§ **What is expected**
Retype word for word the stretch of entries below from the line that has "Cole Porter’s former" through the line that has "boy looking out", and omit the pictures.

§ **Data to process**
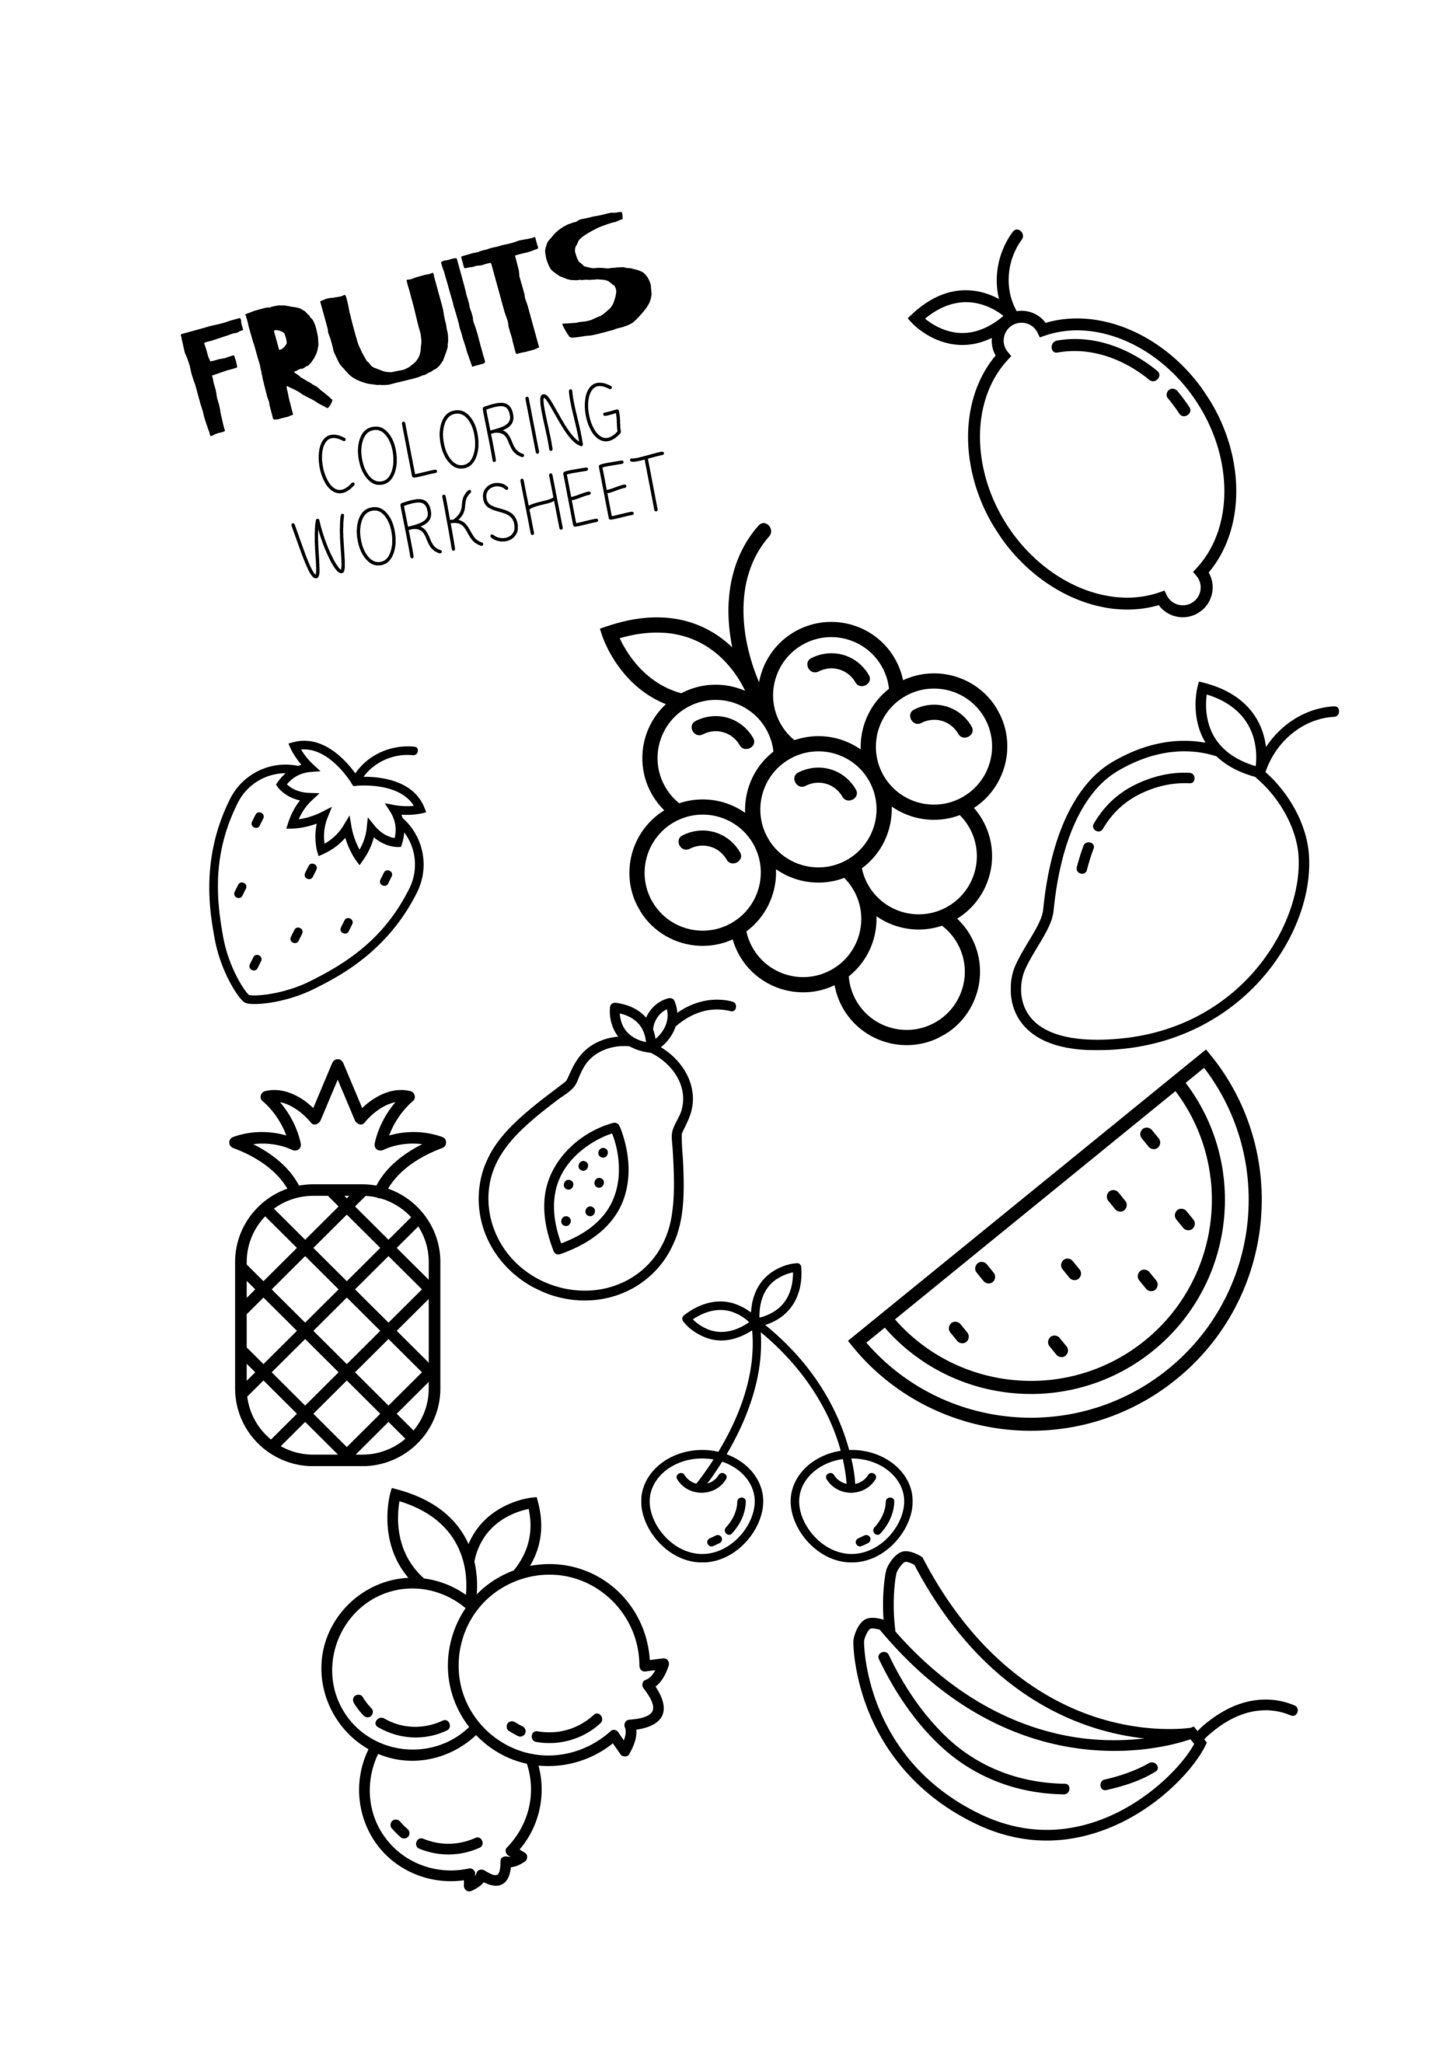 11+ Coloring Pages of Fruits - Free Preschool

...

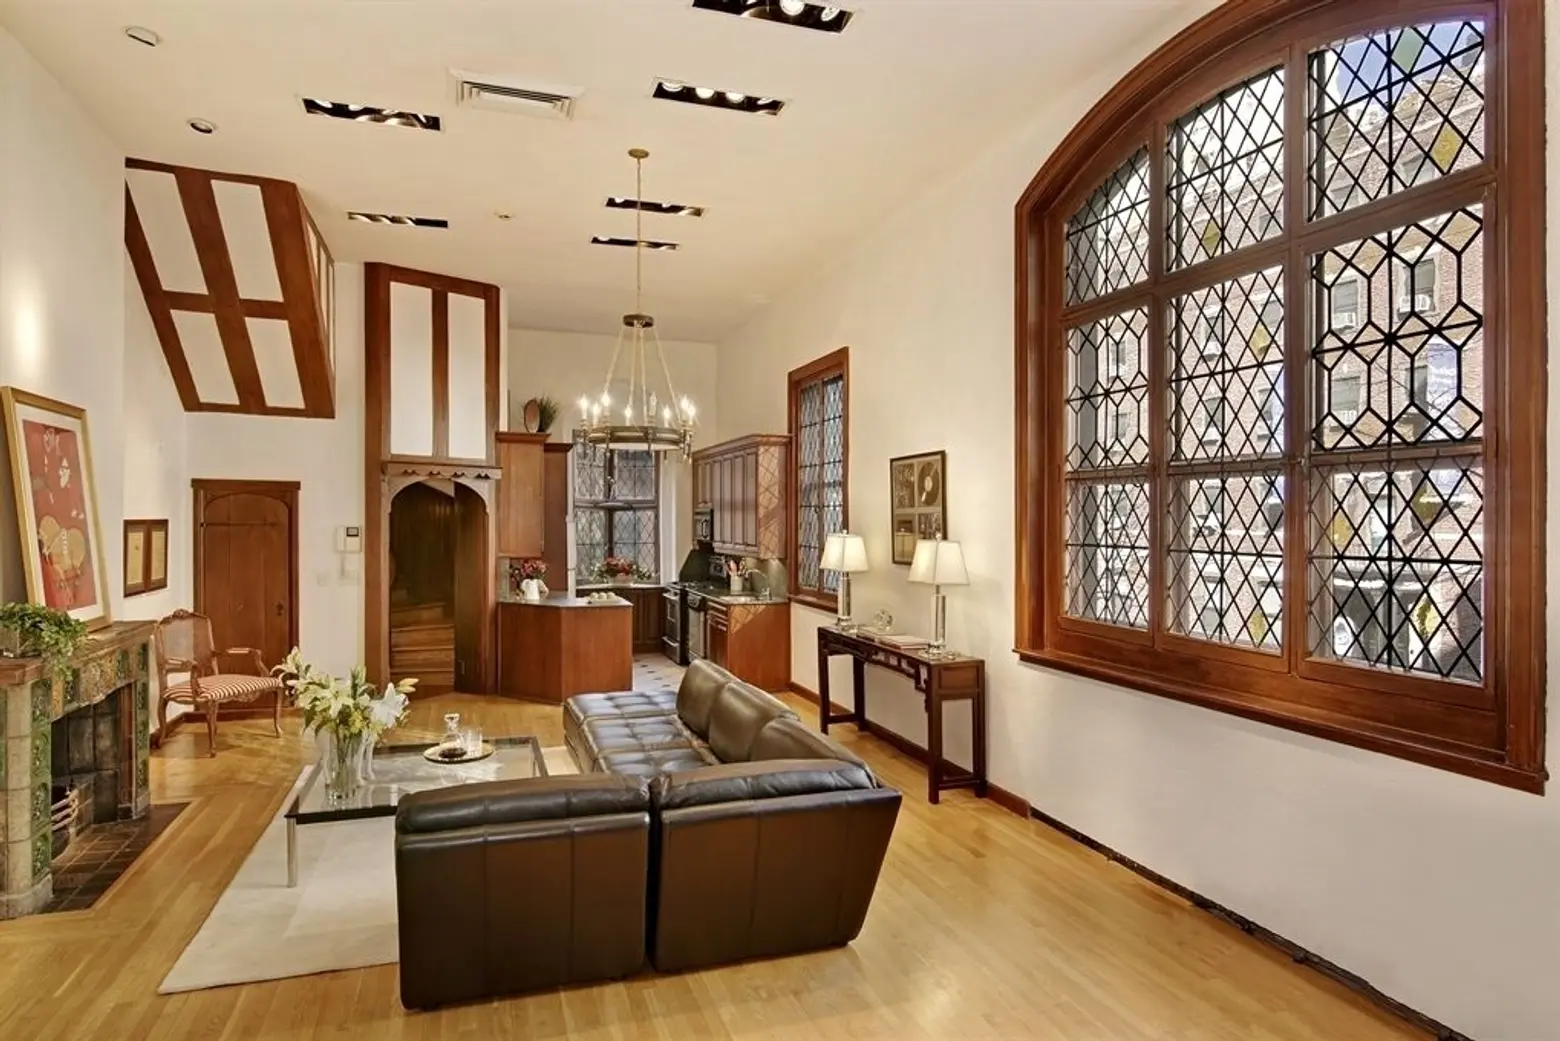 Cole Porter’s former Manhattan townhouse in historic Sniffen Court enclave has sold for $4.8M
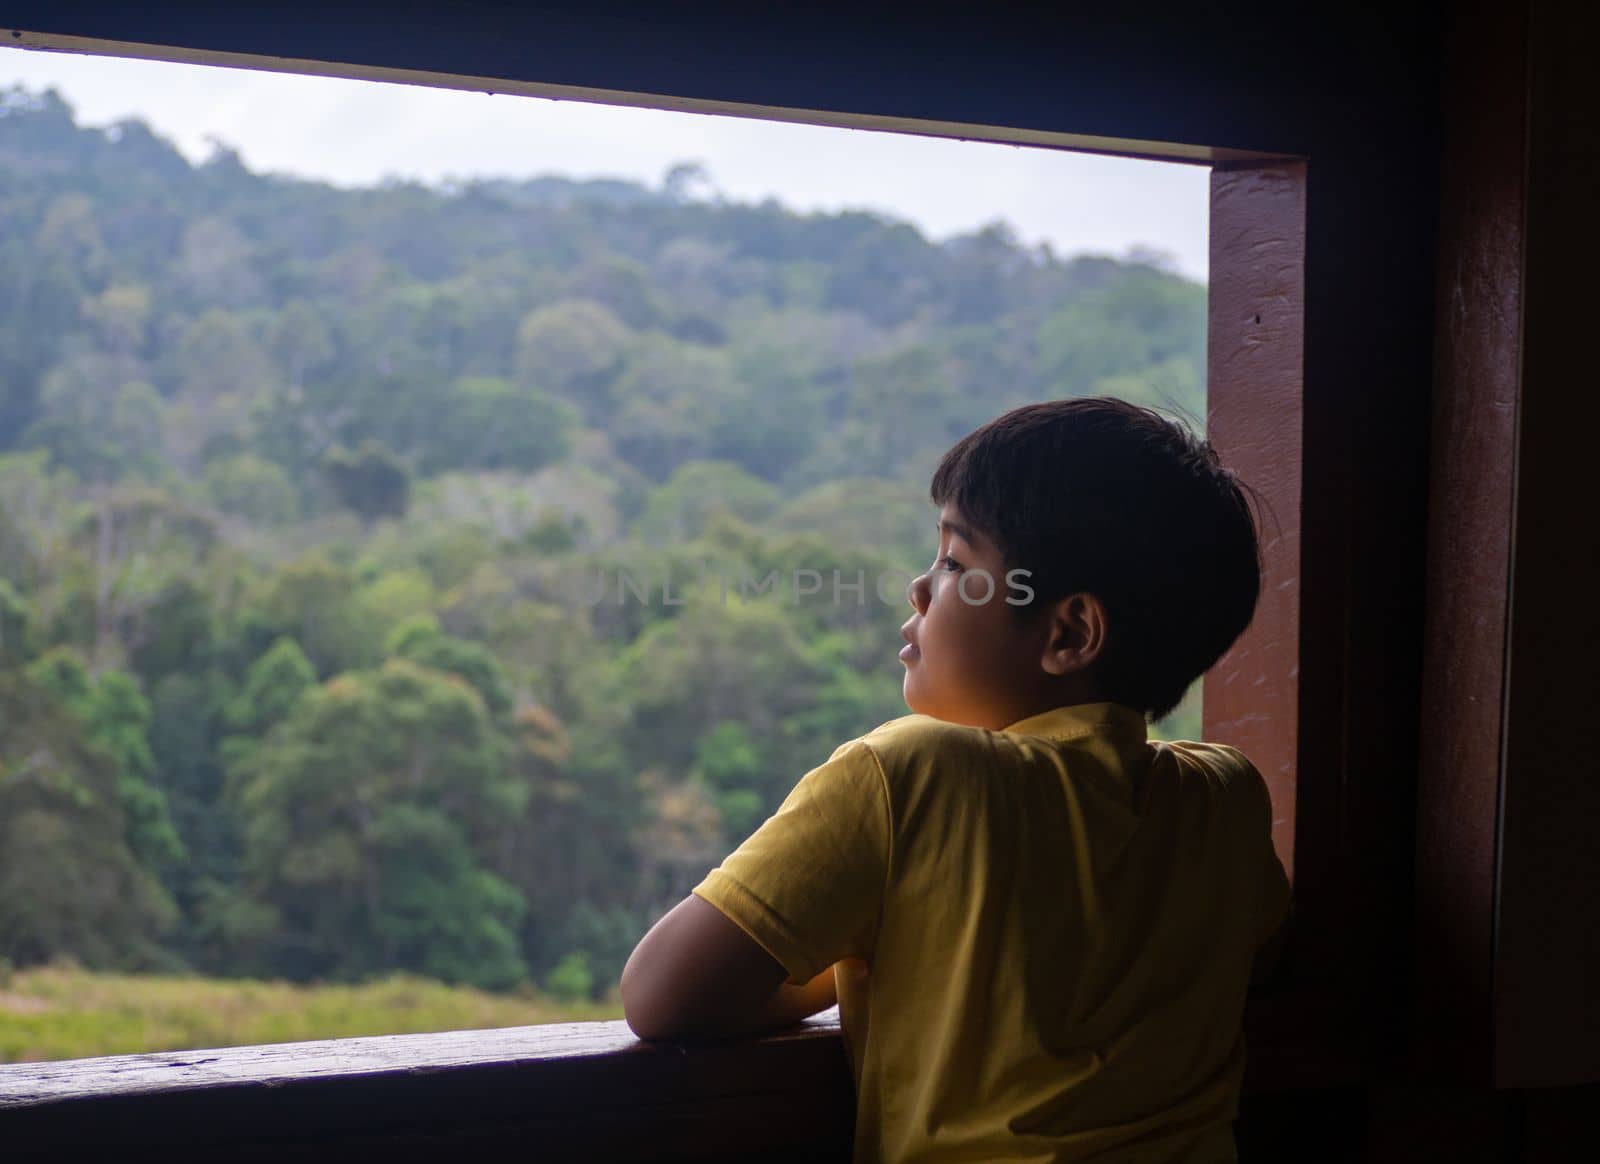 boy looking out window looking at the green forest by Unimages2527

...

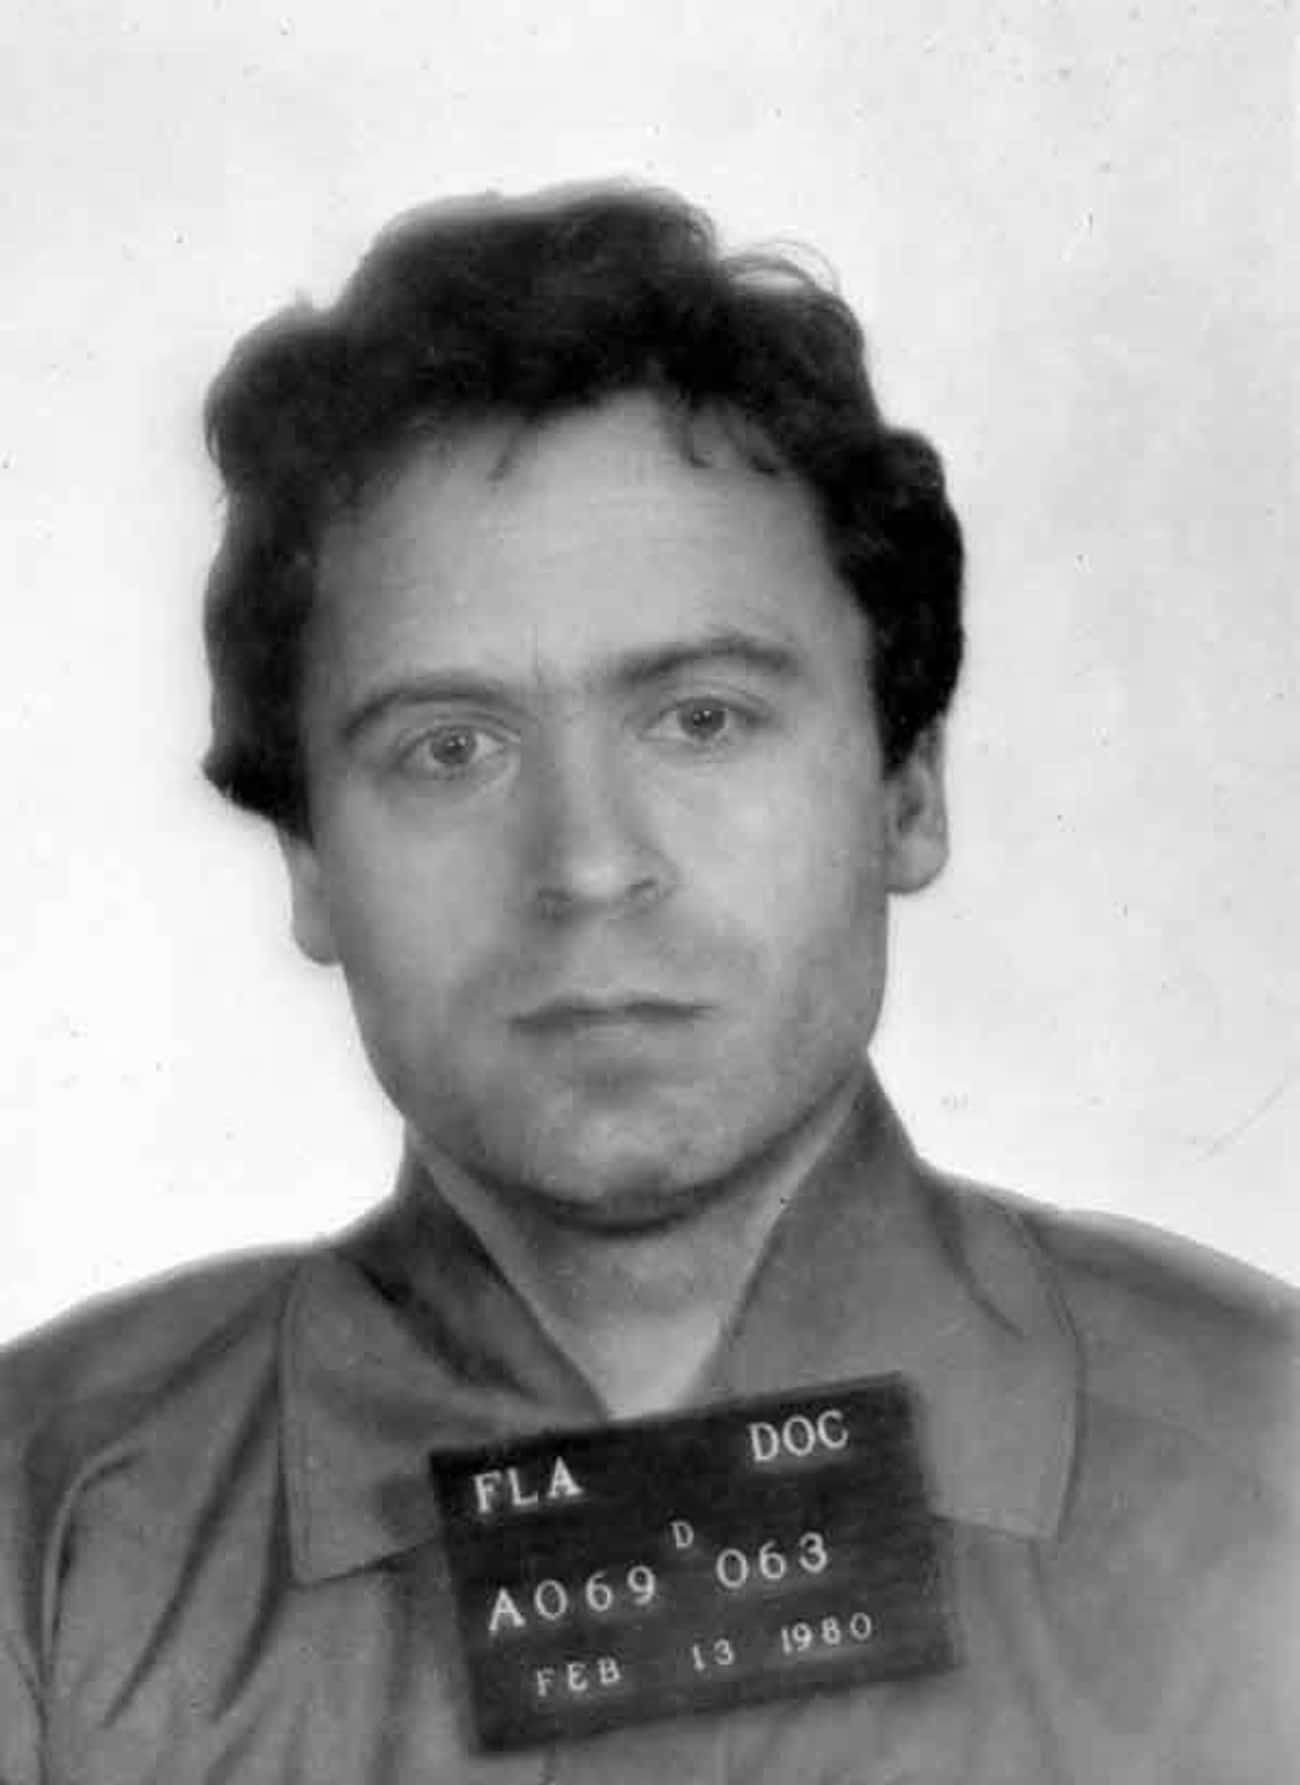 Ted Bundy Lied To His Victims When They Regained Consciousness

§ **Task output**
 Cole Porter’s former Manhattan townhouse in historic Sniffen Court enclave has sold for $4.8M
 boy looking out window looking at the green forest by Unimages2527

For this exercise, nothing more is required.